*Dataset*:
==============================
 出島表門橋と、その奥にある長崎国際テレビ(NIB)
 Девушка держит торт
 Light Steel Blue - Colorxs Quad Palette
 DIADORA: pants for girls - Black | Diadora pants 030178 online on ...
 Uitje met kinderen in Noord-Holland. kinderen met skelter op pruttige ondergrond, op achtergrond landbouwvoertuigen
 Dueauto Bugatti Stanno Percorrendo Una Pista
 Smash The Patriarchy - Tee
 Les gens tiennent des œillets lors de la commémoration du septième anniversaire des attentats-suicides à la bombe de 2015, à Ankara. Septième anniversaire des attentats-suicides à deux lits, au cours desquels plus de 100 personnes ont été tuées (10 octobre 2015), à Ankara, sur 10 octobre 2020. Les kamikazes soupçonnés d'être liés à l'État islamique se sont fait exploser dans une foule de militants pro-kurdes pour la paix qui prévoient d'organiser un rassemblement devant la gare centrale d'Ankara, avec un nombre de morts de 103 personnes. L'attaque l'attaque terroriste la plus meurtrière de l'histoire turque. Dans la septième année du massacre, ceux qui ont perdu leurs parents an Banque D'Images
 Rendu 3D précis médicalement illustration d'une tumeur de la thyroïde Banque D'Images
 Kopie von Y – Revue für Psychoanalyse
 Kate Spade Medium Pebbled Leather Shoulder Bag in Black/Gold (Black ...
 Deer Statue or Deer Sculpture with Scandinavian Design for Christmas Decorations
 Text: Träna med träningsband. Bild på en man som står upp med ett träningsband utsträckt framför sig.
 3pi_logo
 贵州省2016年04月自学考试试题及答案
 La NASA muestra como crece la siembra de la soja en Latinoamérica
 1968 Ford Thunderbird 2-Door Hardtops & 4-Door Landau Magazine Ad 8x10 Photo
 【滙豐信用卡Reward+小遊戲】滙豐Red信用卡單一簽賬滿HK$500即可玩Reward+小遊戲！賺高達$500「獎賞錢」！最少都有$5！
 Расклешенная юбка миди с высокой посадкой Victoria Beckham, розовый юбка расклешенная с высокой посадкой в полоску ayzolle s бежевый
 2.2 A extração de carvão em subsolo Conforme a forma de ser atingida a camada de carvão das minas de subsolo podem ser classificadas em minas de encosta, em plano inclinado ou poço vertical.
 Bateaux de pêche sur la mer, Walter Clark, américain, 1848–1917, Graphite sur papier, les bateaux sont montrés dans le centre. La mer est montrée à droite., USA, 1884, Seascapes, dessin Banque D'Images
==============================
*Problem description*: Check each line of the listing for "Black", and copy the ones that hold it.

*Exercise result*:
 DIADORA: pants for girls - Black | Diadora pants 030178 online on ...
 Kate Spade Medium Pebbled Leather Shoulder Bag in Black/Gold (Black ...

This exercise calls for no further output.